Evidence that a hard market is around the corner, if it’s not already here.
This chart, from a paper (pdf) by Shaun Wang and Jessica Leong, shows p/c insurance written premiums as a percentage of private sector GDP. Wang and Leong call this “total premium share” and use it as a proxy for rate increases, and on a macro level it works pretty well, picking up the hard markets of the mid ’80s and 2001-2002.
Now the Wang/Leong paper is not about rate adequacy. It was written to develop stochastic formulas to describe the underwriting cycle. Those formulas would drive a company’s capital model. But this chart seems to imply that rates fall to a certain floor (around 3.3% of private sector GDP), then rise.
And it shows that as of the end of 2009, rates were at or near bottom. Later in the paper, Wang/Leong model the next few years, forecasting slight rises each year (though the uncertainty bounds made it clear that rates could continue to fall).

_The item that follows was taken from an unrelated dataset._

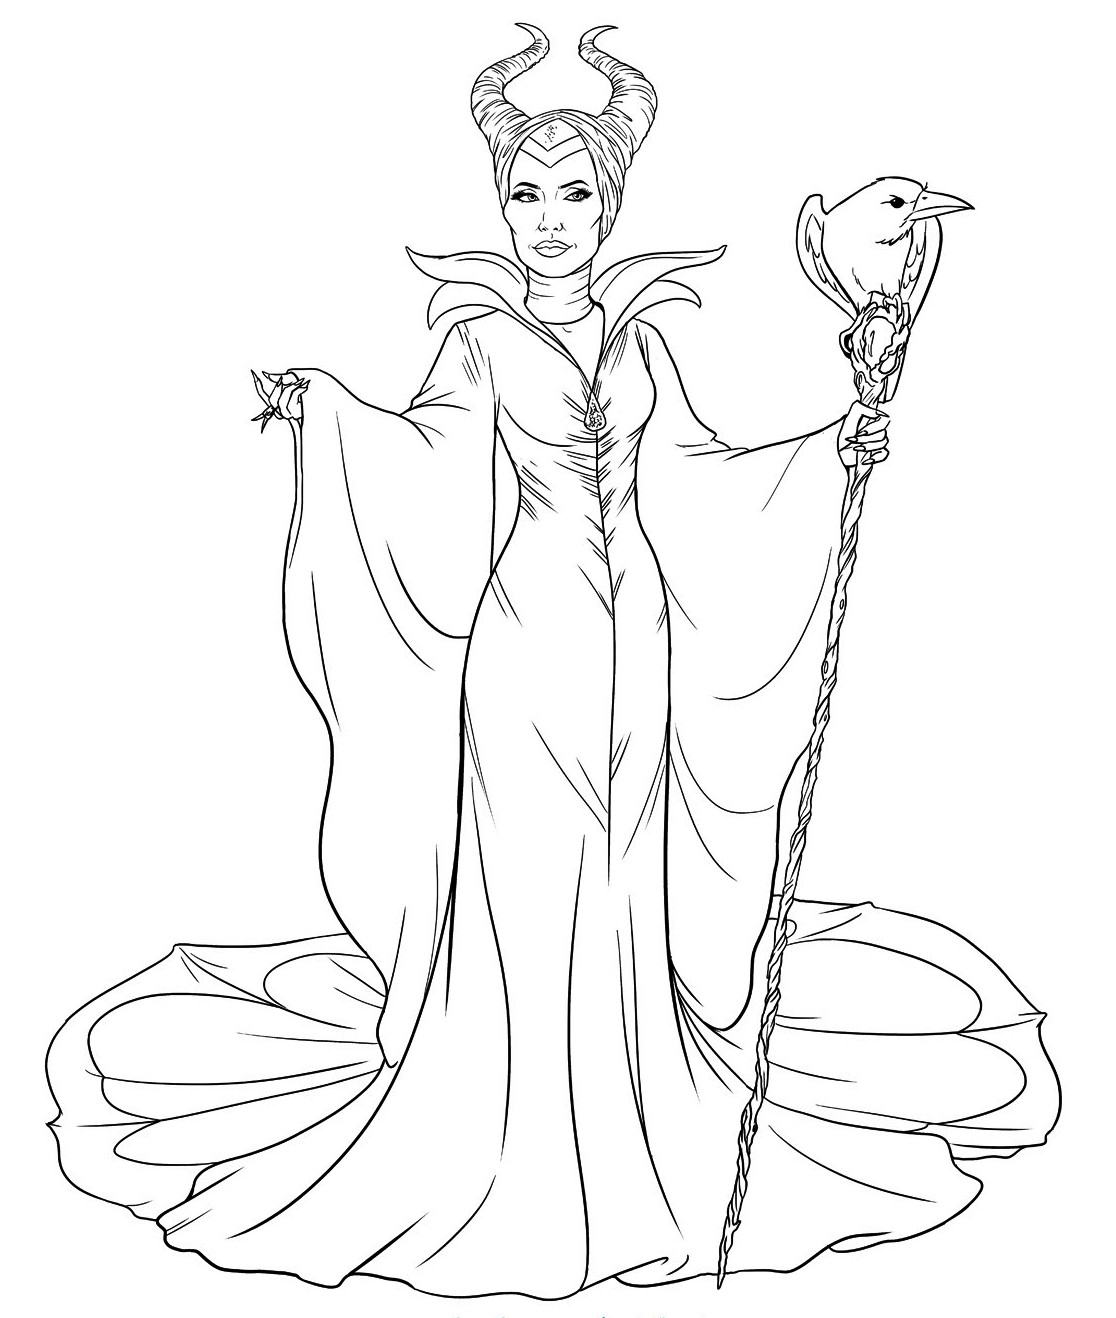 Maleficent Colouring Sheets

Of course, there’s no discussion say why rates would bottom out at that particular point. Thinking about it in stock analyst jargon, it’s a technical indicator – like a head and shoulders or cup and handle pattern.
But in a stable industry like p/c insurance, one could argue that when premium gets that low, companies begin to realize rates are inadequate and begin to adjust accordingly.